#### Instructions to follow
Below are the entries; give again exactly the lines from the one mentioning "T-shirt rose à manches courtes" through the one mentioning "Arco en el parque", inclusive.

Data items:

☆ ☆ ☆

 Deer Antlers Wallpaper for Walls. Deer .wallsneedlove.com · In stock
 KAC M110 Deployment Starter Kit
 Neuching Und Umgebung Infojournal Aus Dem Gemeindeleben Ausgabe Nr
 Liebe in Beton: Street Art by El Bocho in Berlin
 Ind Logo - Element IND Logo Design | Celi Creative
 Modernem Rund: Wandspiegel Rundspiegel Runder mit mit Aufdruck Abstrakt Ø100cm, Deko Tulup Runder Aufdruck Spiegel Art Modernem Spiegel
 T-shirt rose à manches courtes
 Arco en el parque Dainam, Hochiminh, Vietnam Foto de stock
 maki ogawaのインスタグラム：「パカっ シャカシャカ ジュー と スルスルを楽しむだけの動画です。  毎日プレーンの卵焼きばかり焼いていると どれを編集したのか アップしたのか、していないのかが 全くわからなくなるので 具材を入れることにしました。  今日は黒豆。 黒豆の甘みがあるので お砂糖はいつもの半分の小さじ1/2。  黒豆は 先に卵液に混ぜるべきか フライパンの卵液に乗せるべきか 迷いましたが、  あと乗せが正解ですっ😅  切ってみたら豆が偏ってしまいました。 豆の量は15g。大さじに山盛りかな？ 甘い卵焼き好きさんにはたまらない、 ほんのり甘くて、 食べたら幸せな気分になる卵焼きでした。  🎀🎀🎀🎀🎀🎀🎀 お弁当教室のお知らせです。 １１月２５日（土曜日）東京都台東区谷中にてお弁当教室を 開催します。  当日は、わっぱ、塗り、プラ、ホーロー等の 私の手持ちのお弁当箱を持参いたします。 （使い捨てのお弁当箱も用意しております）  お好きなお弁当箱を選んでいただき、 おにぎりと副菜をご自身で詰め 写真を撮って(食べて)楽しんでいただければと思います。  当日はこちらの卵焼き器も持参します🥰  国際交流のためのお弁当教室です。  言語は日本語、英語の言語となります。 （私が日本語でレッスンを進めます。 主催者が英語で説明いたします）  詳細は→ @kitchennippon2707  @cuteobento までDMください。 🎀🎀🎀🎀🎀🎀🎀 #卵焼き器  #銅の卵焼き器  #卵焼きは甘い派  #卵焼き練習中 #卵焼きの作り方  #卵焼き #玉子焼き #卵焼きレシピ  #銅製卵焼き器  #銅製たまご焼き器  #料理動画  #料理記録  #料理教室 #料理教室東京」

☆ ☆ ☆

#### Exercise response
 T-shirt rose à manches courtes
 Arco en el parque Dainam, Hochiminh, Vietnam Foto de stock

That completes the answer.